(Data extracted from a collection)
___

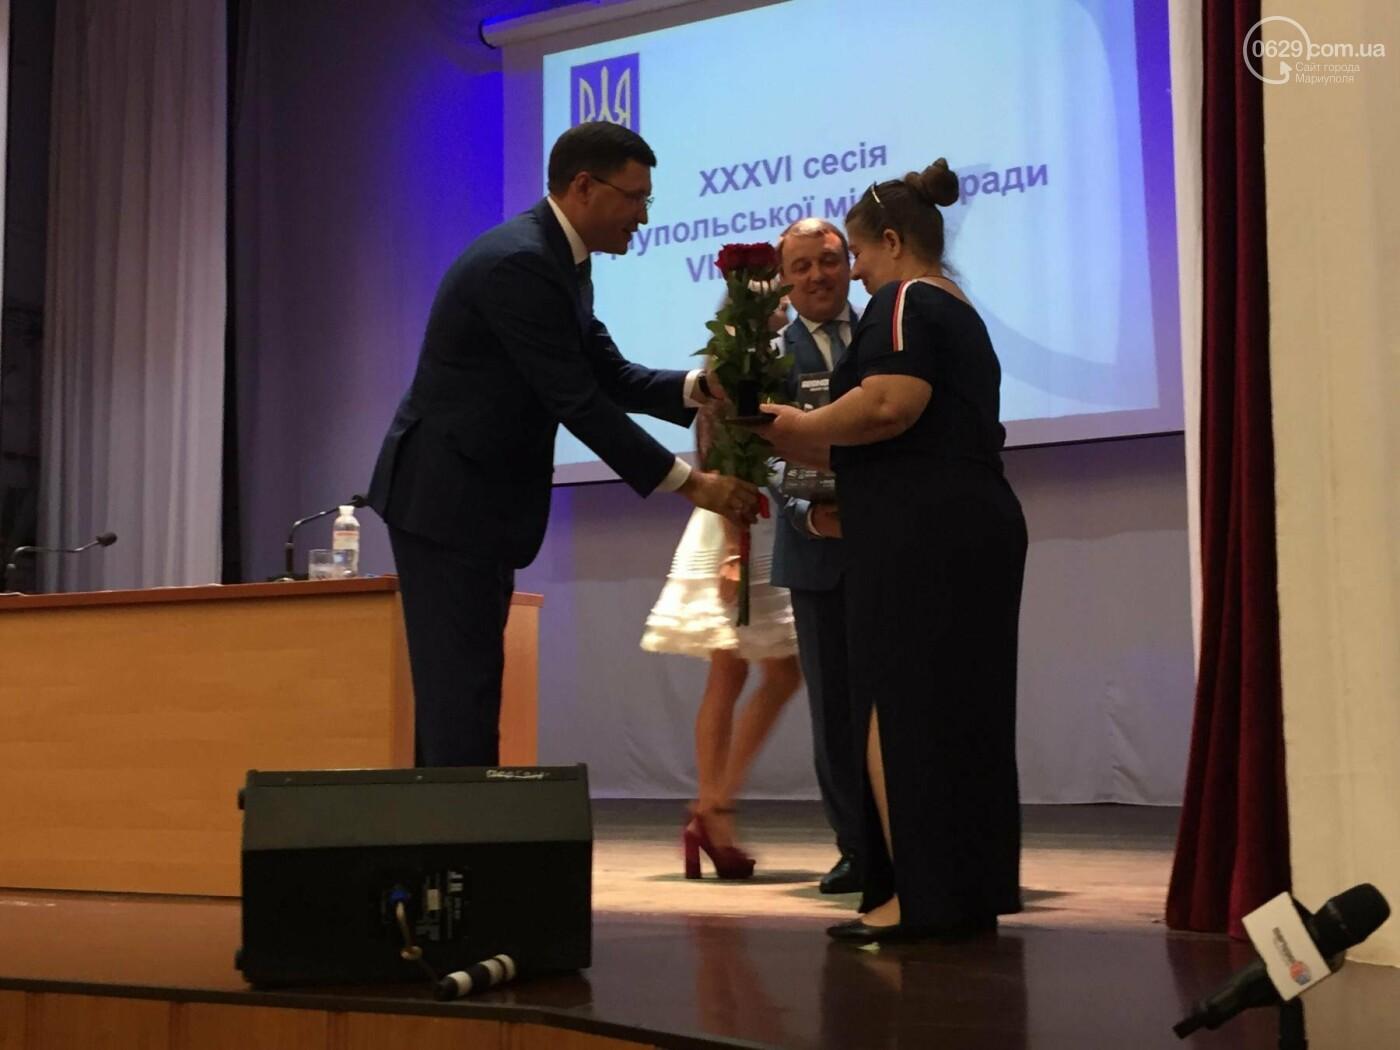 """В Мариуполе 8 женщин удостоились звания """"Мать-героиня"""", - ФОТО, ВИДЕО, фото-3"""
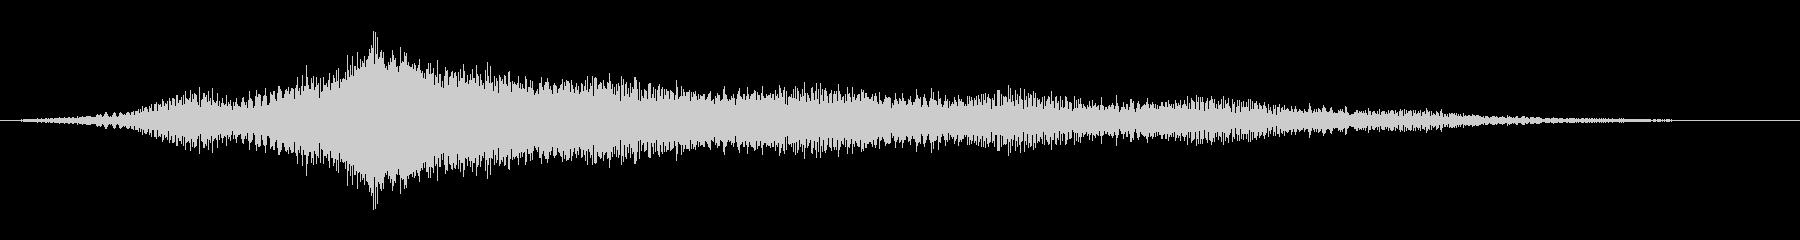 キーン:オープニングロゴなどの締めの音2の未再生の波形
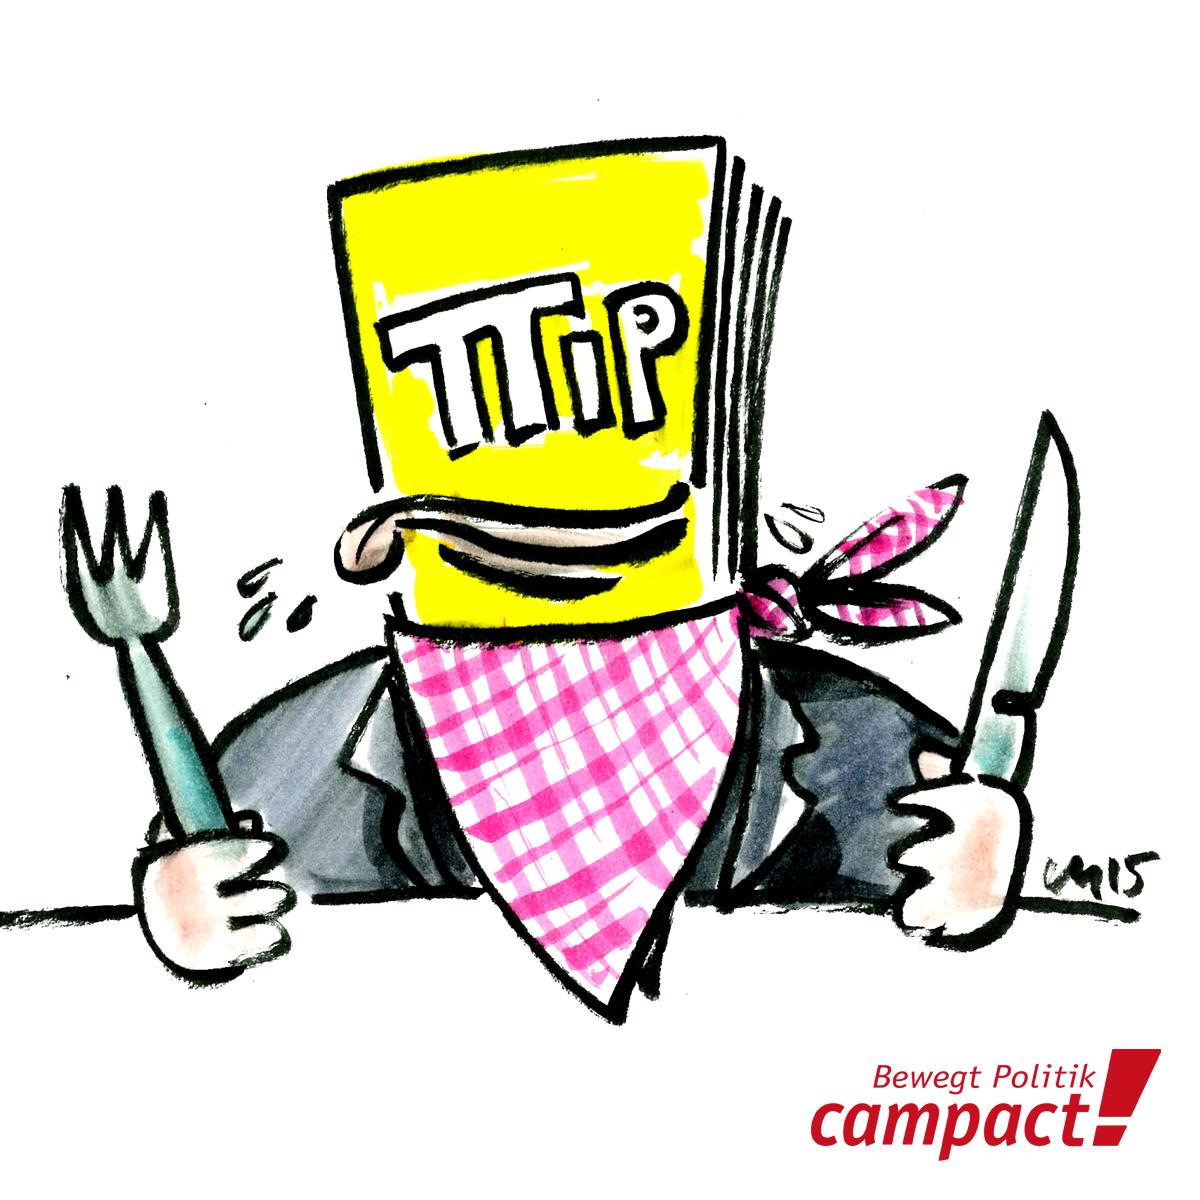 Karikatur: Campact/Zitrusblau, Martin Keune
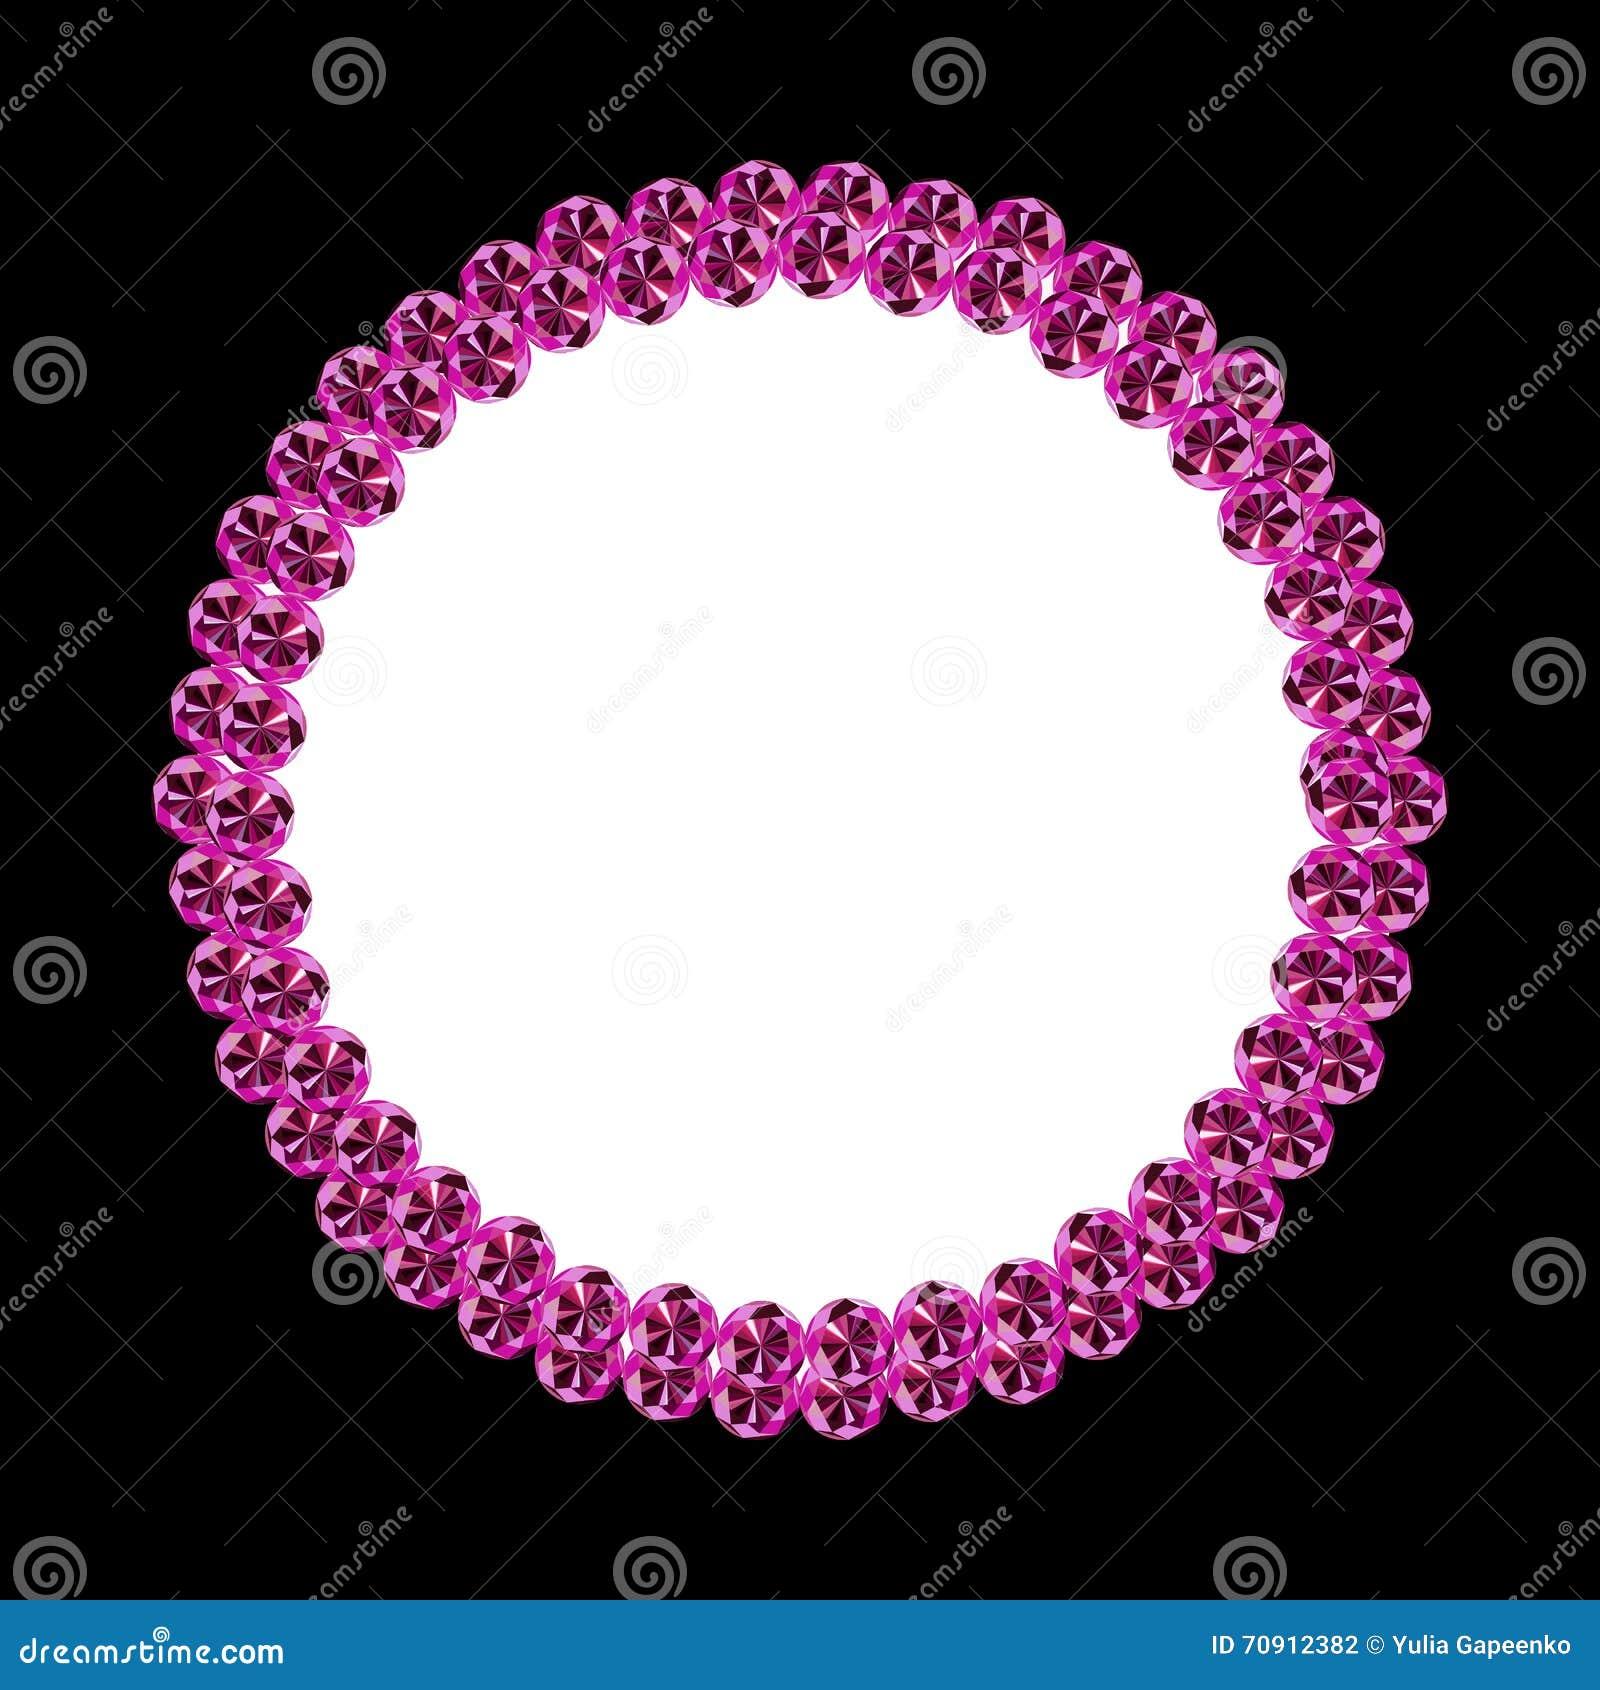 Abstract Luxury Black Diamond Background Vector Illustration Stock
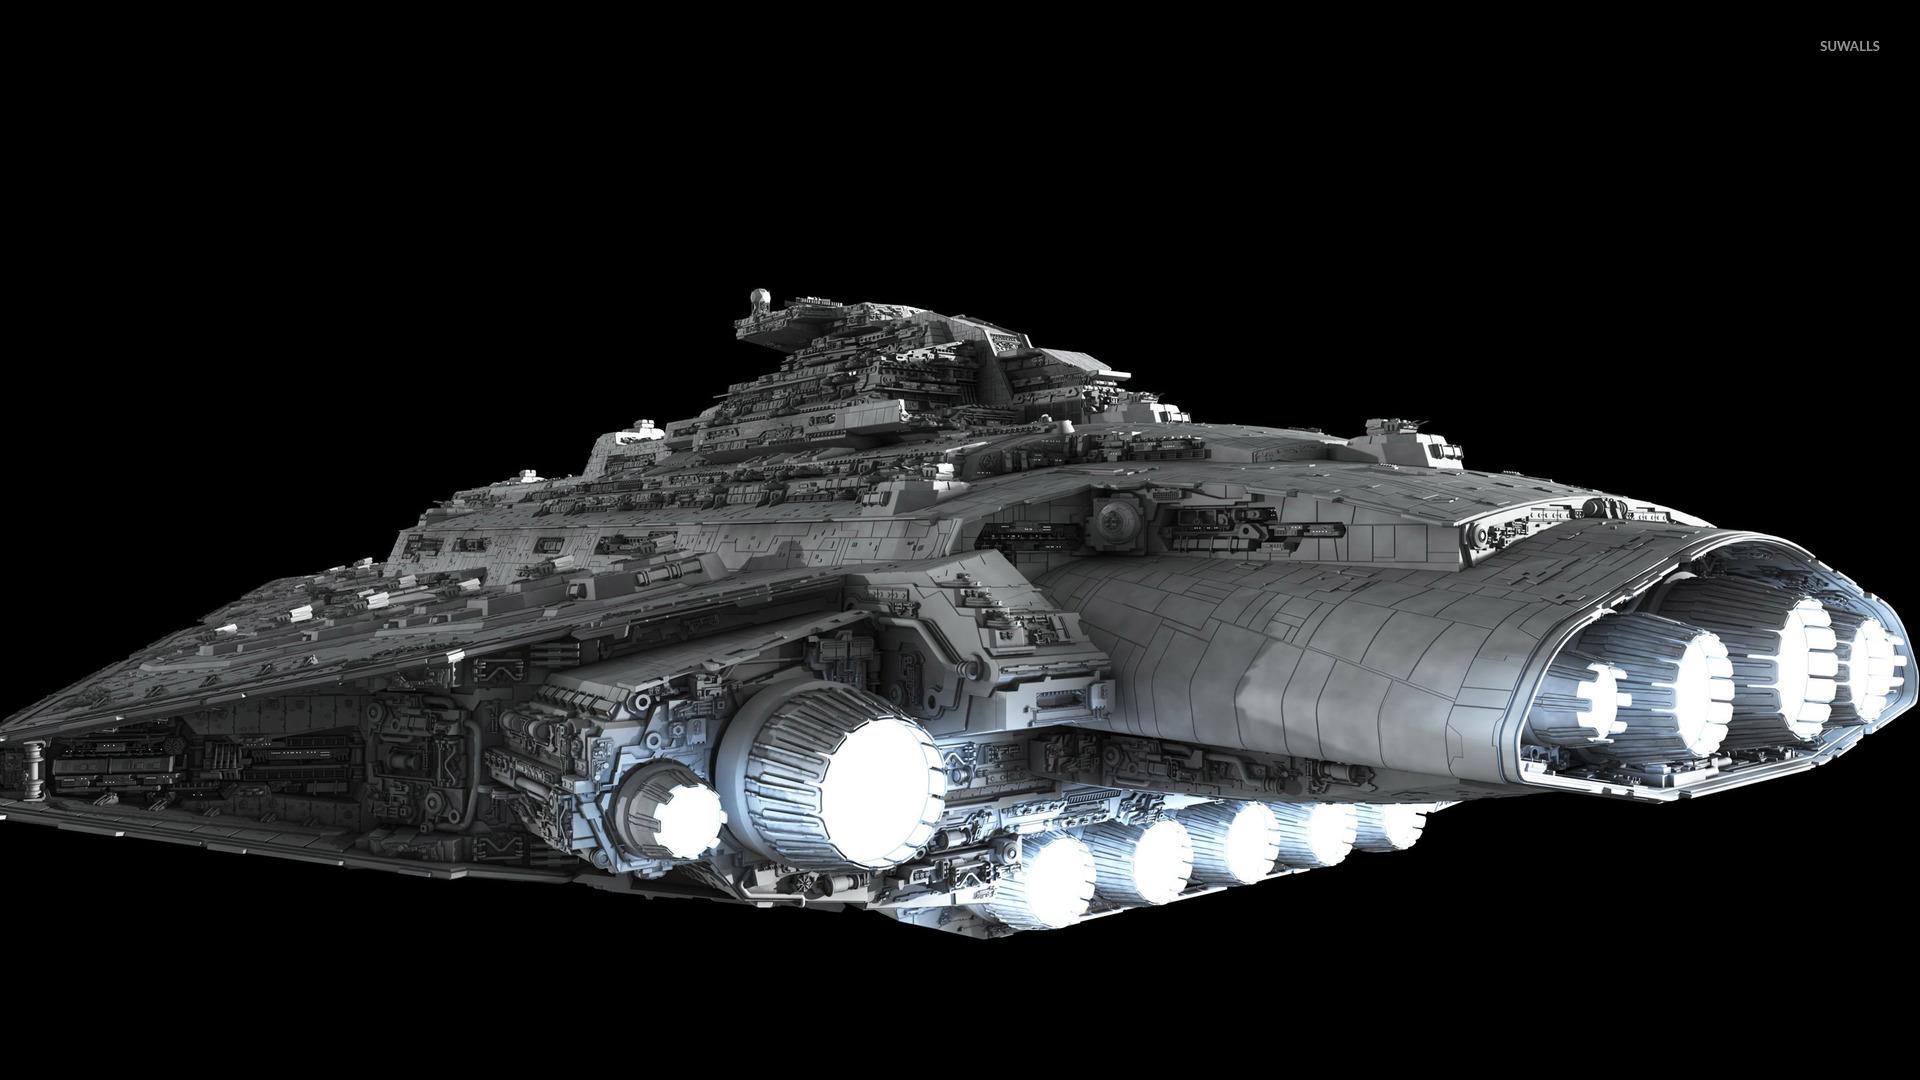 star wars star wars videos

___

Your goal:
Each entry above should come back word for word, and no picture should come with it.

Task solution:
 """В Мариуполе 8 женщин удостоились звания """"Мать-героиня"""", - ФОТО, ВИДЕО, фото-3"""
 キーン:オープニングロゴなどの締めの音2の未再生の波形
 Karikatur: Campact/Zitrusblau, Martin Keune
 Abstract Luxury Black Diamond Background Vector Illustration Stock
 star wars star wars videos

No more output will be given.